MATERIAL SHOWN
=== Begin Enclosure ===

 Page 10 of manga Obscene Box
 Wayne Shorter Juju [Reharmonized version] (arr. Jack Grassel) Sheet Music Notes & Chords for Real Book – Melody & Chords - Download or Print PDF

=== End Enclosure ===
=== Begin Enclosure ===

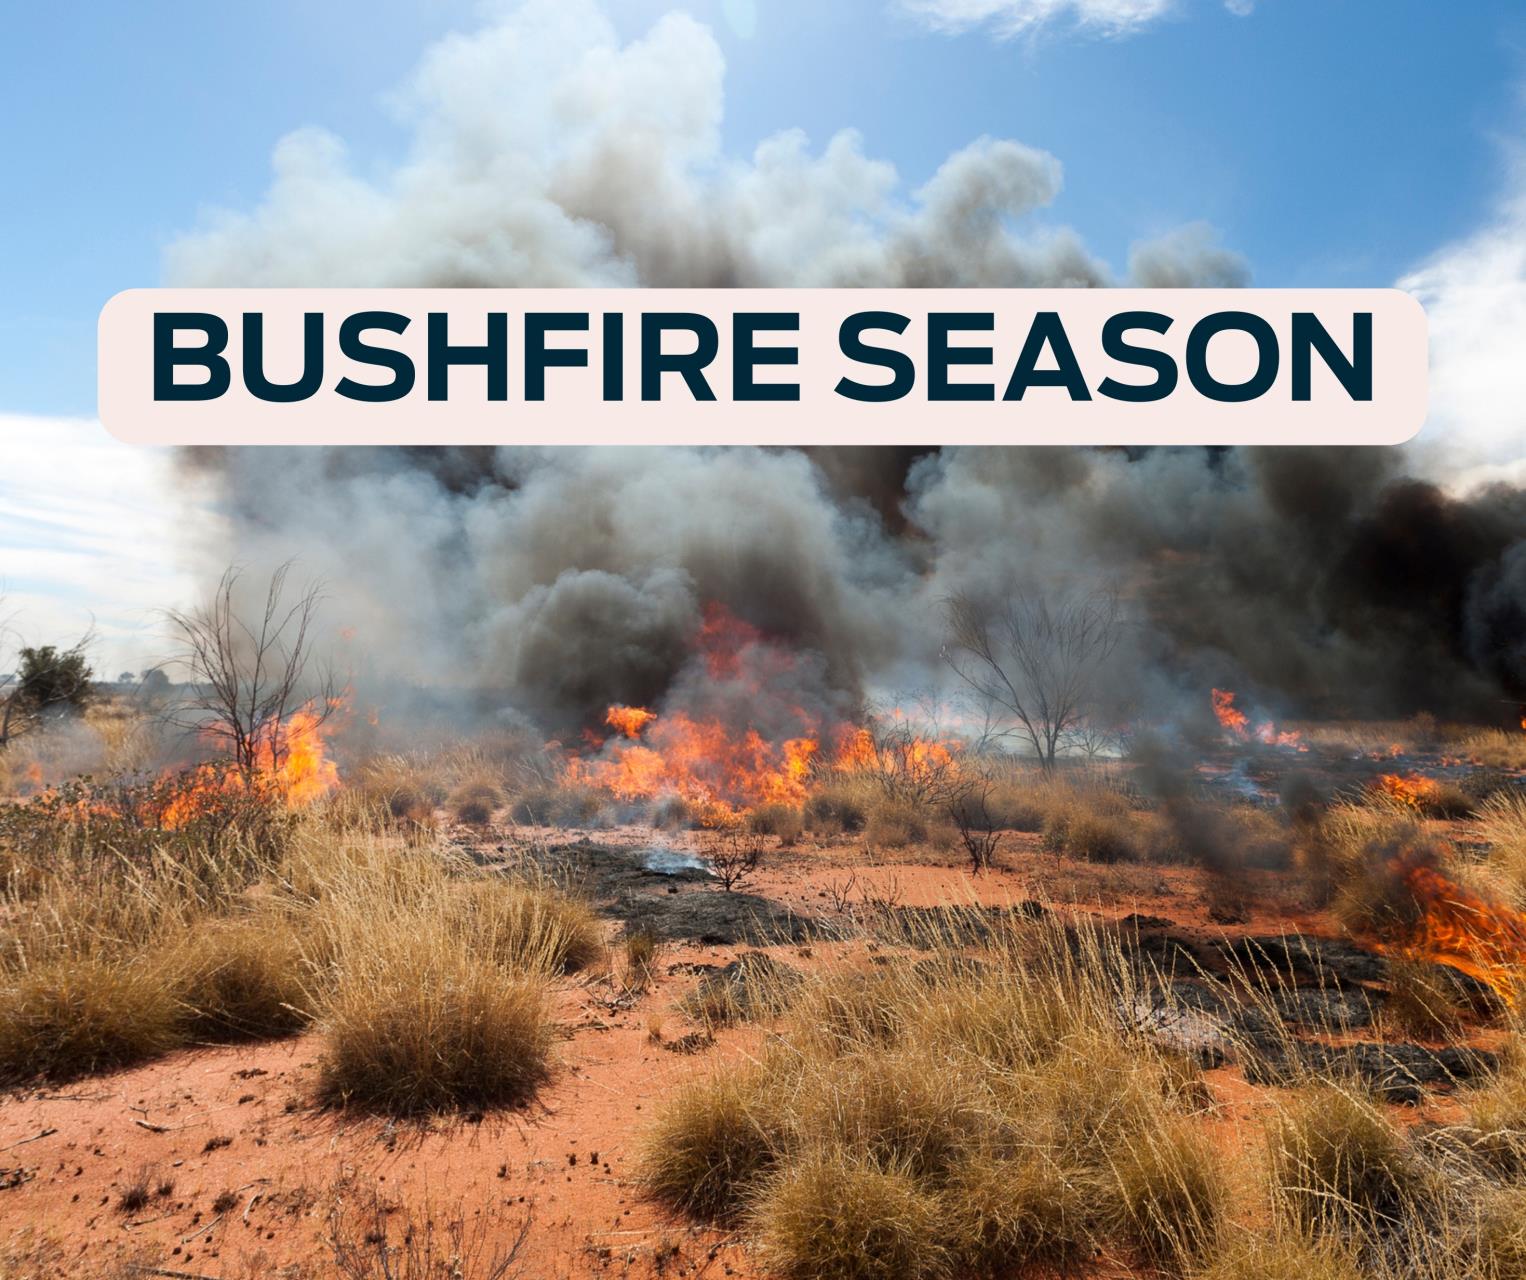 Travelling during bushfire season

=== End Enclosure ===

TASK INSTRUCTIONS
In the entries above, please find the line with "Page 10 of manga Obscene Box" and the line with "Wayne Shorter Juju", then write out exactly those two lines and every line between them, and nothing more.

RESULT
 Page 10 of manga Obscene Box
 Wayne Shorter Juju [Reharmonized version] (arr. Jack Grassel) Sheet Music Notes & Chords for Real Book – Melody & Chords - Download or Print PDF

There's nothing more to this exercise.